The announced change in the weather towards re-cooling brought high tides to the North Adriatic. Hence, the sea in Rovinj threatens houses, some streets have become canals, and shots from that Istrian city are a bit reminiscent of Venice. The northern Adriatic is a particularly shallow and closed sea created by the melting of the last ice age, which turned the mainland connecting northern Dalmatia, Istria, and the Adriatic part of Italy into the seabed under the influence of rising sea levels now begins to occupy new dry soils. Over the next fifty to a hundred years, today's Adriatic coastal towns could become the sea, so apart from parts of Istria, Stradun, Diocletian's Palace, the Zadar peninsula, Pula, and many other Adriatic sites rich in life will potentially disappear under the sea.

As we have already had the opportunity to see in 2014, Excessive floods threaten the continental part of the country and the region (western Serbia, northern BiH). The 2014 floods showed that the region was not prepared or adequately equipped to deal with climate impacts' growing dangers. Although improvements in flood prevention and protection systems have been made since 2014, recent flood events in 2019 and 2020 have shown that more needs to be done to address floods and related disasters adequately.

The International Panel on Climate Change (IPCC) has identified the Western Balkans as one of the most vulnerable areas in Europe in its reports. According to their data, the region will face an increase in temperature higher than the European average and changes in precipitation patterns that will lead to an increased risk of floods, longer periods of drought, soil erosion, and forest fires. Climate change is likely to increase negative impacts, resulting in significant habitat losses and human, health, and socio-economic damage.

We can already experience all the IPCC announcements in person. Although there is a social consensus that "there is no real winter here," the real consequences of these changes are difficult to see at the moment because a longer season means more tourism revenue, easier cultivation of new and tropical plant species, and even warmer weather carries smaller bills for electricity that heats much of Dalmatia. Olives have been bearing bad fruit in recent years, the vine is not what it used to be, and everything is exposed to various diseases and weather conditions. Despite this, the information obtained based on scientific indicators, that in about 50 years, olives will no longer grow in the Mediterranean, it is almost impossible to perceive because it is one of the hardiest plants in this area. But the weight of the perception of something and our refusal to come to terms with the future does not delay that future. It will certainly welcome us, and such a frequent argument "I will not be alive then anyway" does not mean that we do not bear historical responsibility for future generations.
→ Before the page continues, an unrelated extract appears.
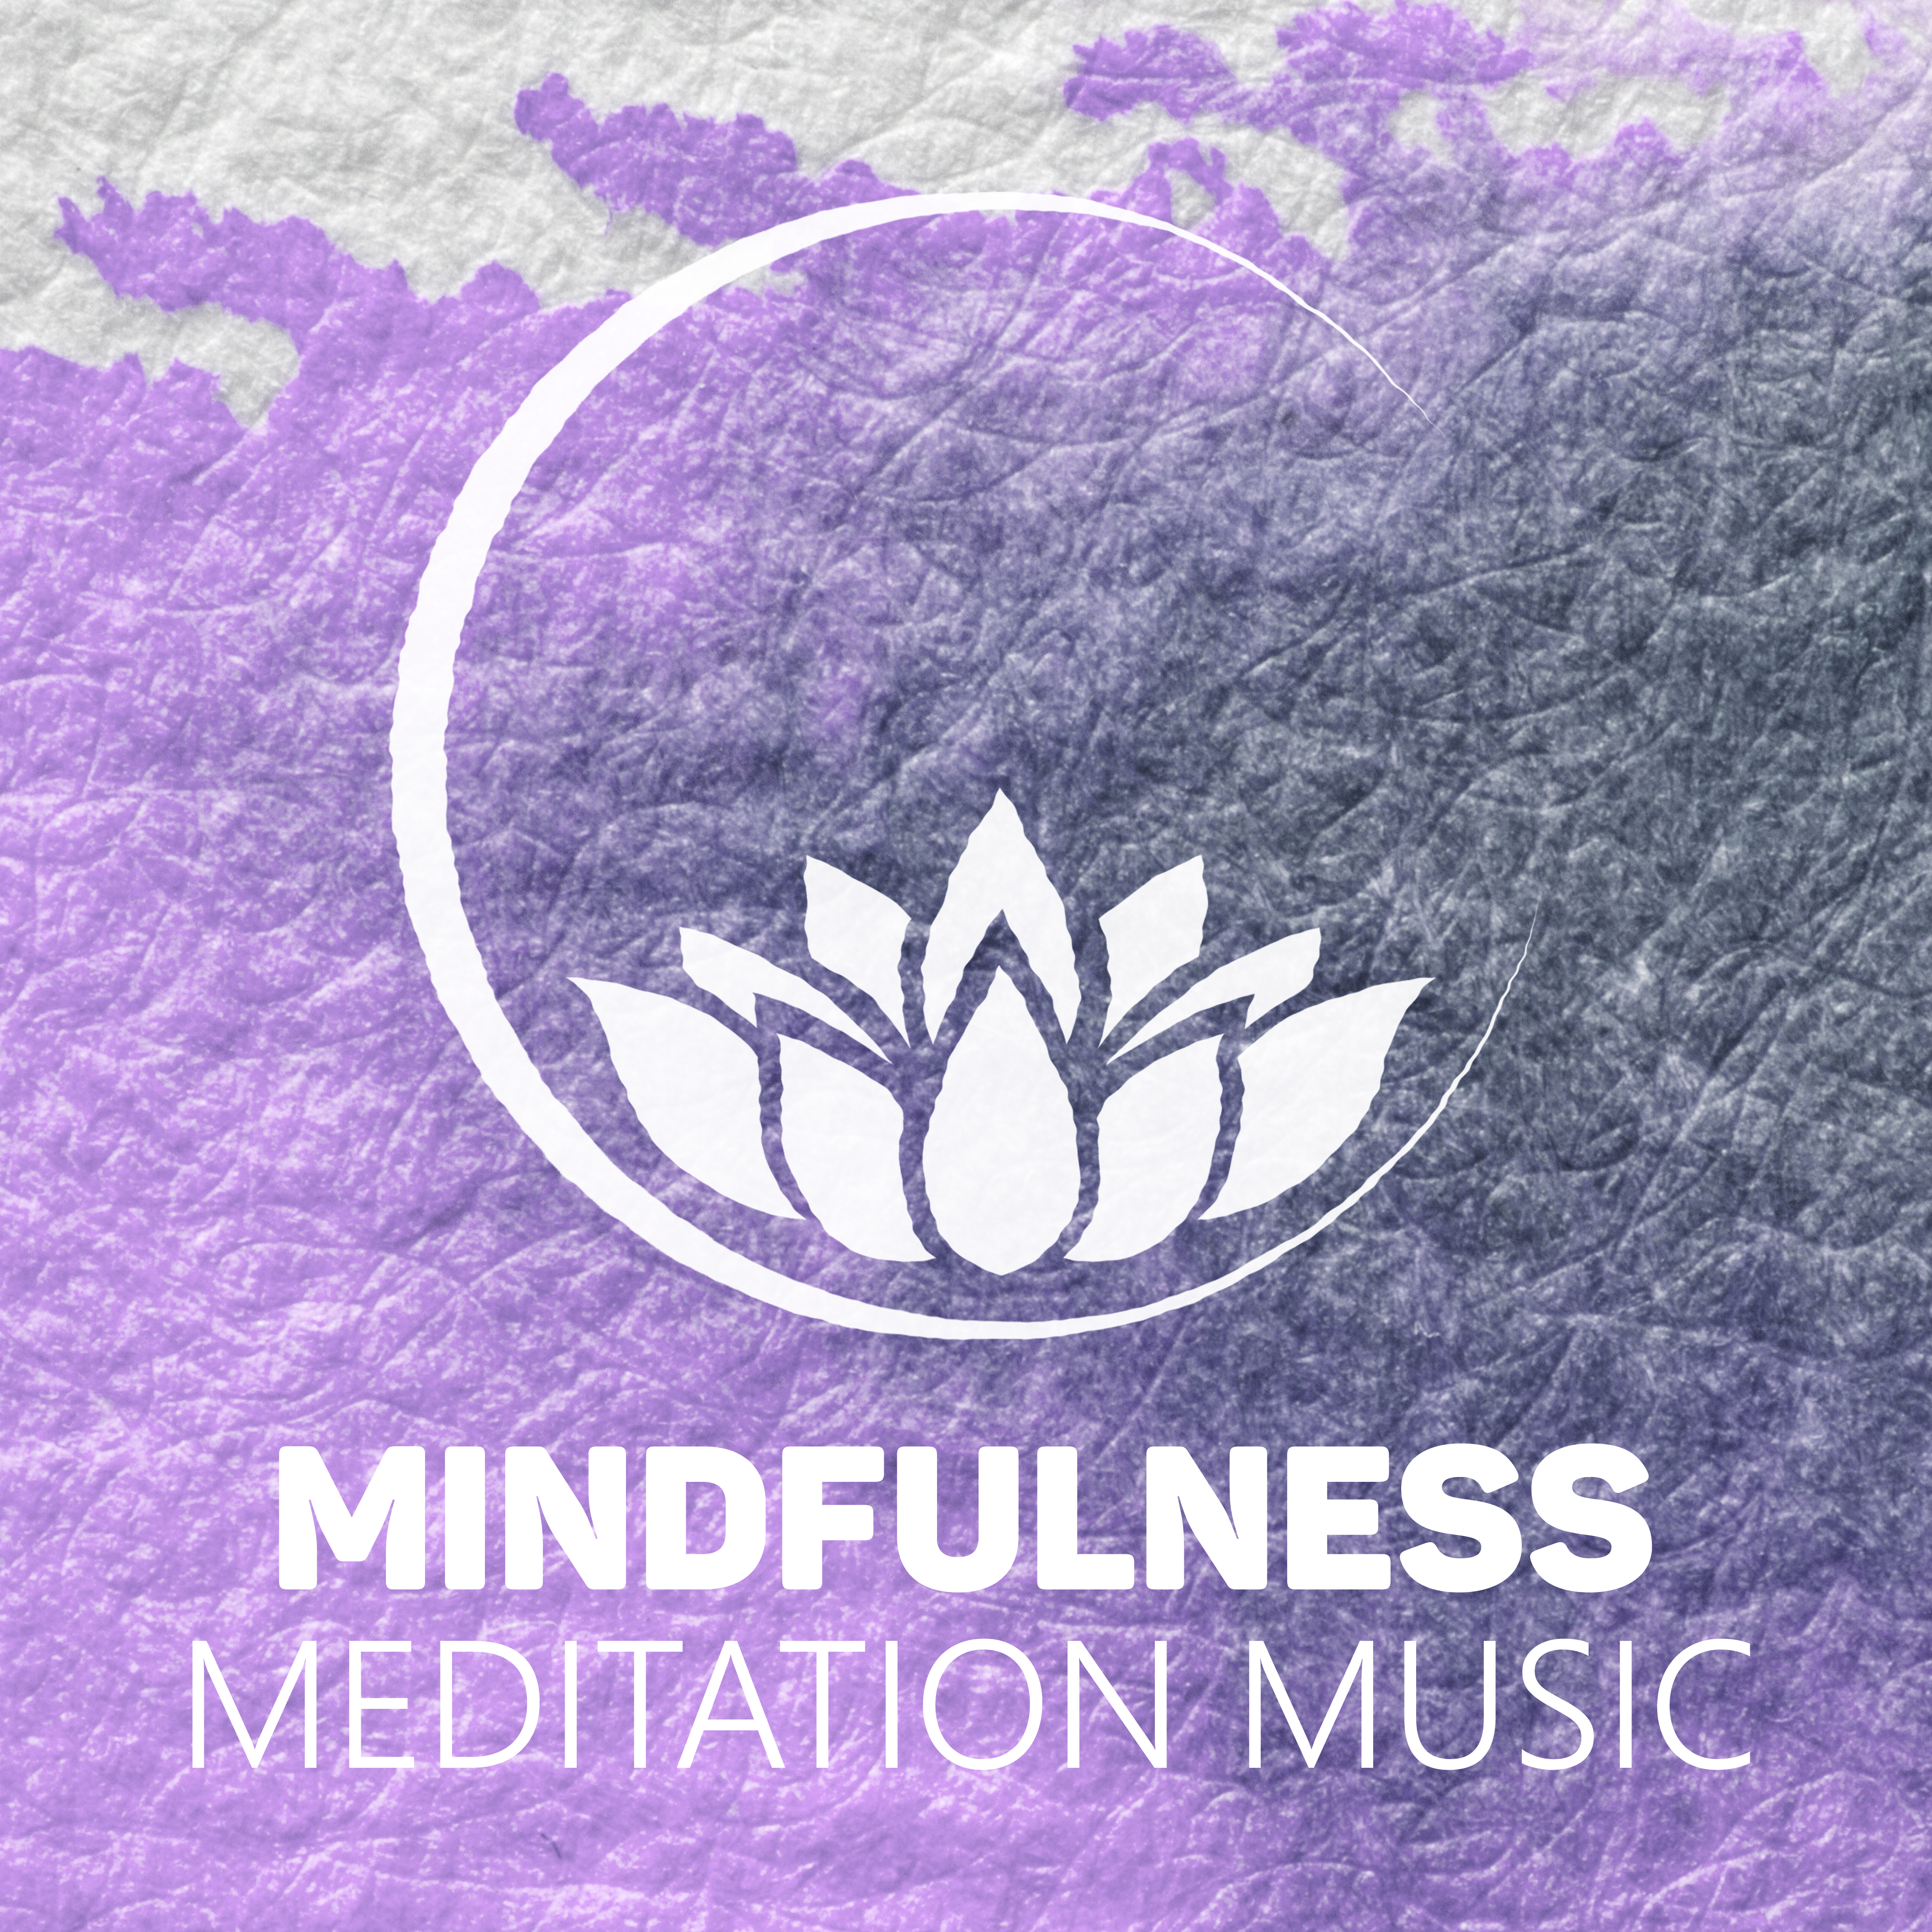 Mindfulness Meditation Music - Soothing Music, New Age, Healing Music, Peaceful Music, Sounds of Nature, Soothing Yoga, Spirituality, Calmness, Inner Peace

The description is further accompanied by increasing fires often attributed to and floods to mismanagement and corruption. Although harmful social practices make it difficult to cope with changes in the ecosystem, soil, sea, and air around us, they are not their immediate cause but only contribute to a greater degree of impending climate catastrophe. According to some models of the planet's appearance in 2100, Dalmatia, southern Albania, Montenegro and Greece could become deserts.

Today's tide is not an extreme that occasionally appears cyclically. On the contrary, the era of weather extremes has passed. Today these are the first indicators of a new climate regime. If we wanted to read weather extremes as symptoms of future changes, as indicators of exposed areas that need special attention, today, we would be much more prepared for the period ahead. That is, we would have a better chance of stopping extinction. Instead, we have all passively accepted the principle of "laissez-faire," indulged in inertia, and always left the responsibility to some new future generations. But these future generations are no more: changes are taking place now, and the tide that flooded Rovinj's streets will soon no longer be the exception but the rule, the sea will occupy the land for the first fifty years, and then soil erosion will take away the humus layer of the earth, and after all, only the desert will remain.